The delays in reporting might be ascribed to the Bureau of Labor Statistics losing 75% of its staff this year. The head of the Bureau, Dr. Erika McEntarfer, was fired anyway, the same day by tweet, for essentially telling the truth and relaying numbers from the 50 states. This does not augur well for the reliability of future data on which we investors base decisions.

Suddenly, investors were confronted with a reversal in an economy that was growing modestly to one that was shrinking dramatically. The glass has gone from half full to half empty. Strategists are going to start revising down year-end stock market targets as fast as they revised them up in the spring. I told a financial advisor friend of mine the other day to enjoy his vacation in Michigan because he is going to have to work very hard to earn his crust of bread when he gets home.

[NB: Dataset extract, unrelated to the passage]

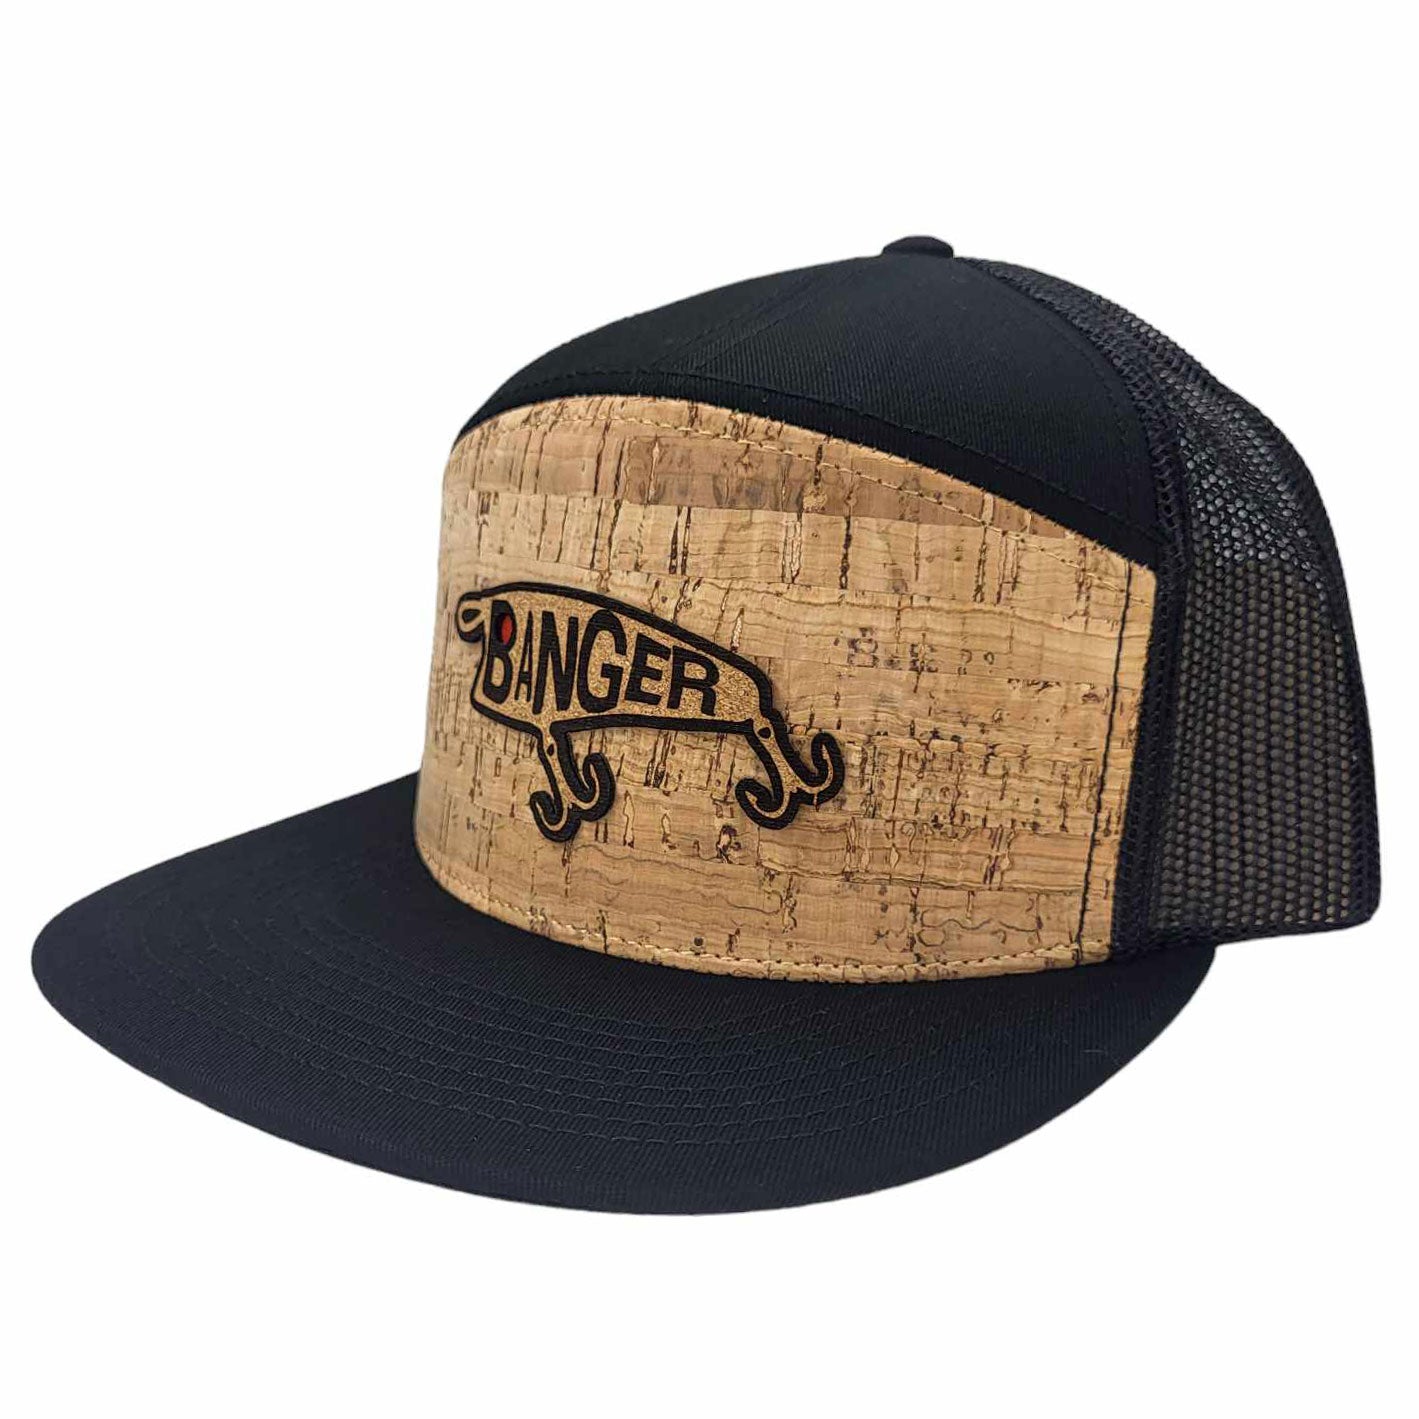 Banger Fishing Cork Hat

I thought we got off cheaply with a mere $159.63 point, or a 2.3% plunge in the S&P 500 on Friday. Worse will come in the weeks ahead. It sets up a long-awaited test of the 50-day moving average at $5,863 at a minimum, down 8.39%, and the 200-day moving average at $4,800, the worst, down 25%, in case things really get out of control….again. The high for August is almost certainly in place, and possibly the high for the year.

Therefore, I am buying the S&P 500 (SPY) August 2025 $645-$650 in-the-money vertical bear put debit spread at $4.50 or best.

DO NOT USE MARKET ORDERS UNDER ANY CIRCUMSTANCES.

Do not pay more than $4.70, or you will be chasing

Simply enter your limit order, wait five minutes, and if you don’t get done, cancel your order and increase your bid by 10 cents with a second order.

If you don’t want to sit in front of a screen all day or live in a foreign time zone when the US stock market is closed, such as Australia, or don’t want to sit in front of a screen all day, simply enter a spread of Good-Until-Cancelled orders overnight, like $4.50, $4.55, $4.60, and $4.70. You should get done on some or all of these.

This is a bet that the S&P 500 (SPY) will not trade above $645 in 8 trading days.

Here are the specific trades you need to execute this position:

Buy 25 August 2025 (SPY) $650 puts at………………….…..$22.00

Sell short 25 August 2025 (SPY) $645 puts at………………$17.50

Net cost:………………………….……………………………………….$4.50

Potential Profit: $5.00 – $4.50 = $0.50

(25 X 100 X $0.50) = $1,250 or 11.11% in 8 trading days

 

 

 

 

If you are uncertain about how to execute an options spread, please watch my training video by clicking here.

The best execution can be had by placing your bid for the entire spread in the middle market and waiting for the market to come to you. The difference between the bid and the offer on these deep-in-the-money spread trades can be enormous.

Don’t execute the legs individually or you will end up losing much of your profit. Spread pricing can be very volatile on expiration months farther out.

Keep in mind that these are ballpark prices at best. After the alerts go out, prices can be all over the map.